112 Thirdly, if there is any inconsistency between Santow J's reasons in Hill and Brereton J's reasons in Honest Remark, the latter should be preferred. Indeed, it can reasonably be inferred from the reasons for judgment in Hill that there was no dispute before Santow J as to the propriety of the new liquidator investigating the conduct of the existing liquidator as deed administrator.
113 Justice Brereton's reasons are strengthened by the current statutory regime for the supervision of administrators and liquidators under the IPS. As has been noted above, the Court's specific powers of supervision in the IPS, such as to inquire into the conduct of external administrators (ss 90-5 and 90-10) and to appoint a reviewing liquidator to investigate matters relating to the external administration of a company (s 90-23(6)), apply equally to both liquidators and administrators. The availability of these alternative statutory remedies for the supervision of the conduct of administrators and liquidators reinforces Brereton J's strong observations that SPLs should not be appointed to circumvent "the ordinary and proper procedures for supervision of liquidators, and the protections that attend them" (at [61]).

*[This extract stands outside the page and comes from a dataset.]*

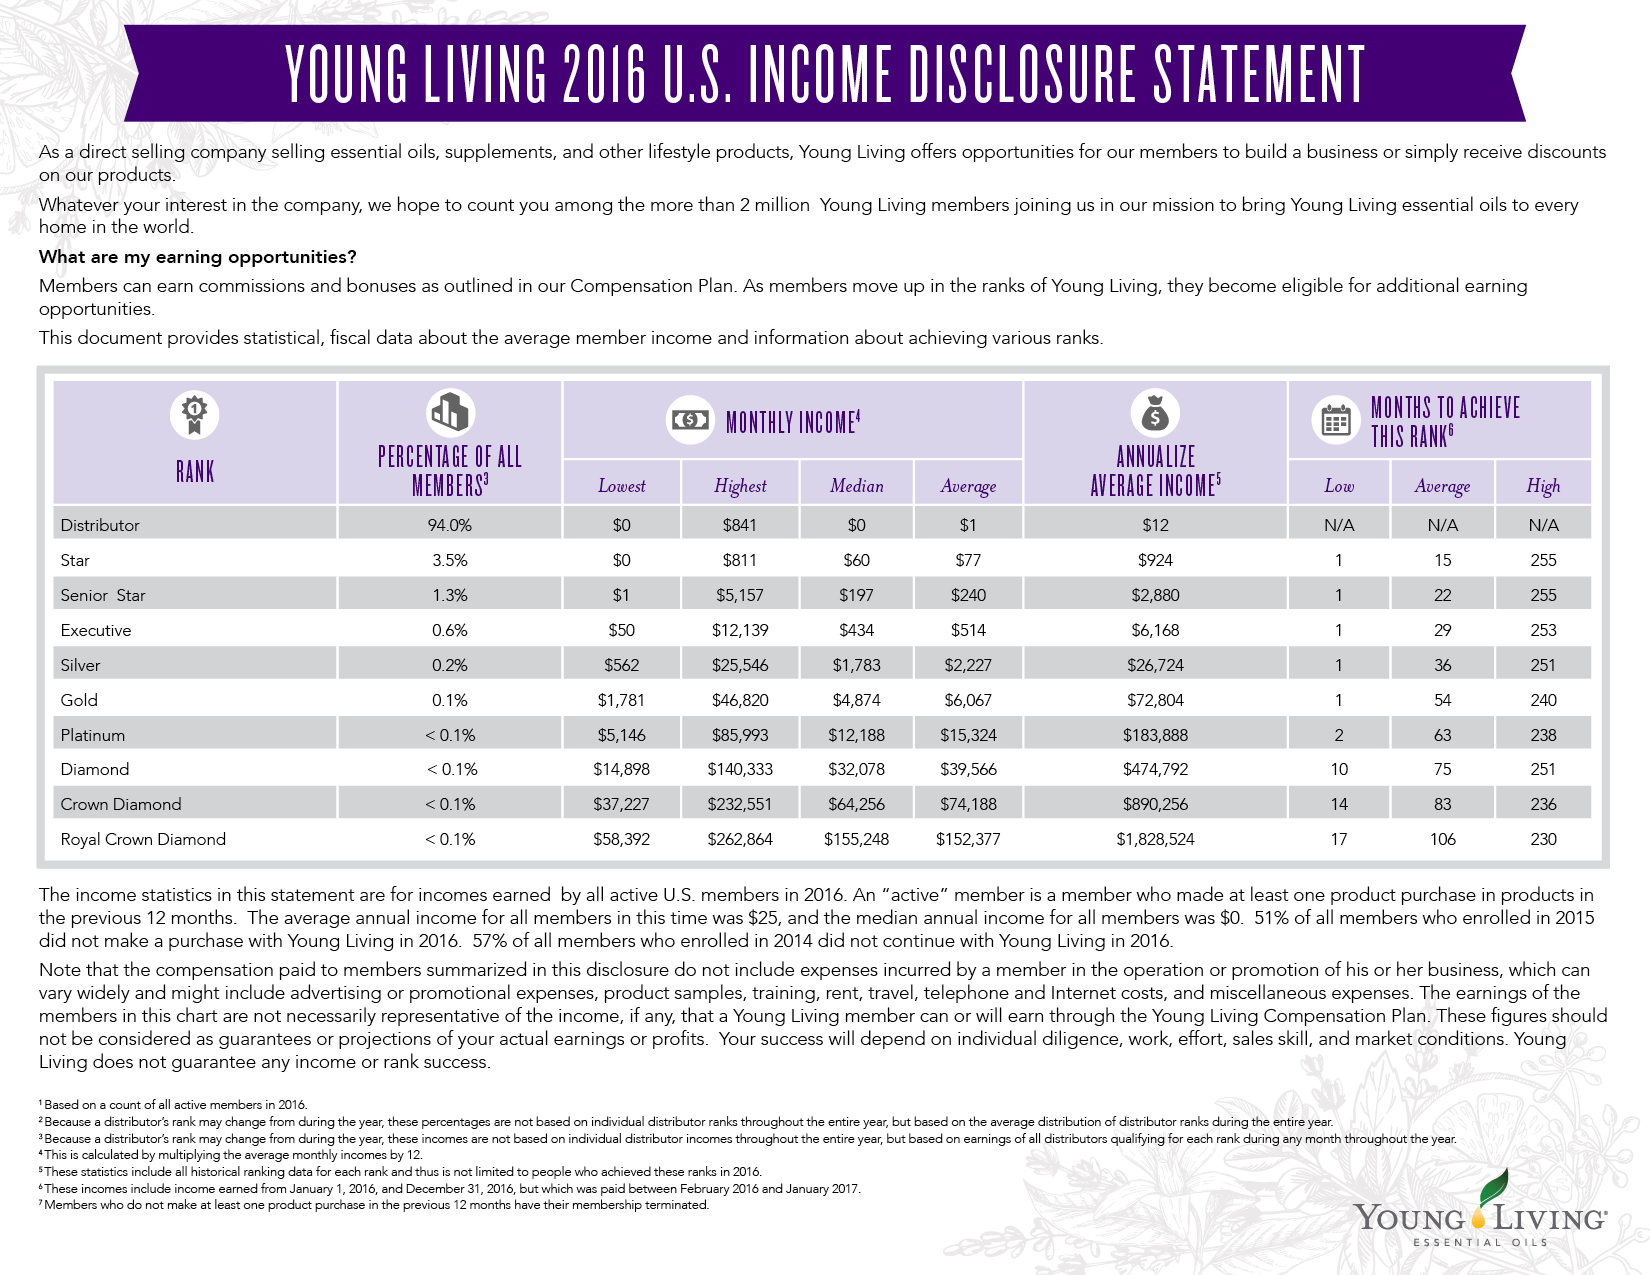 Commission 2016 Income Disclosure

114 Courts have jealously guarded and protected their supervisory jurisdiction over liquidators, in particular by not permitting proceedings to be brought against a liquidator without the Court's leave (see Aardwolf Industries LLC v Riad Tayeh [2020] NSWSC 299 at [81]-[89] per Rees J and the authorities cited therein). This requirement reflects the Court's concern to ensure liquidators can carry out their official functions without undue encumbrance and as a means by which the Court can protect its own processes for the supervision of liquidators (see Eighty Second Agenda Pty Ltd v Handberg [2014] VSC 665 at [18]-[22] per Croft J).
115 In what can aptly be described as the uniform code established by the IPS, the supervisory jurisdiction of Courts over liquidators has been extended over all forms of external administration. As such, there is no reason of policy or principle to draw the distinction urged by the plaintiffs here. This Court does not have the power under s 90-15 of the IPS to appoint a SPL to investigate the conduct of the incumbent liquidator either as liquidator or in a previous role as voluntary or deed administrator.
116 For these reasons, the plaintiffs' primary claim for the appointment of an SPL must fail.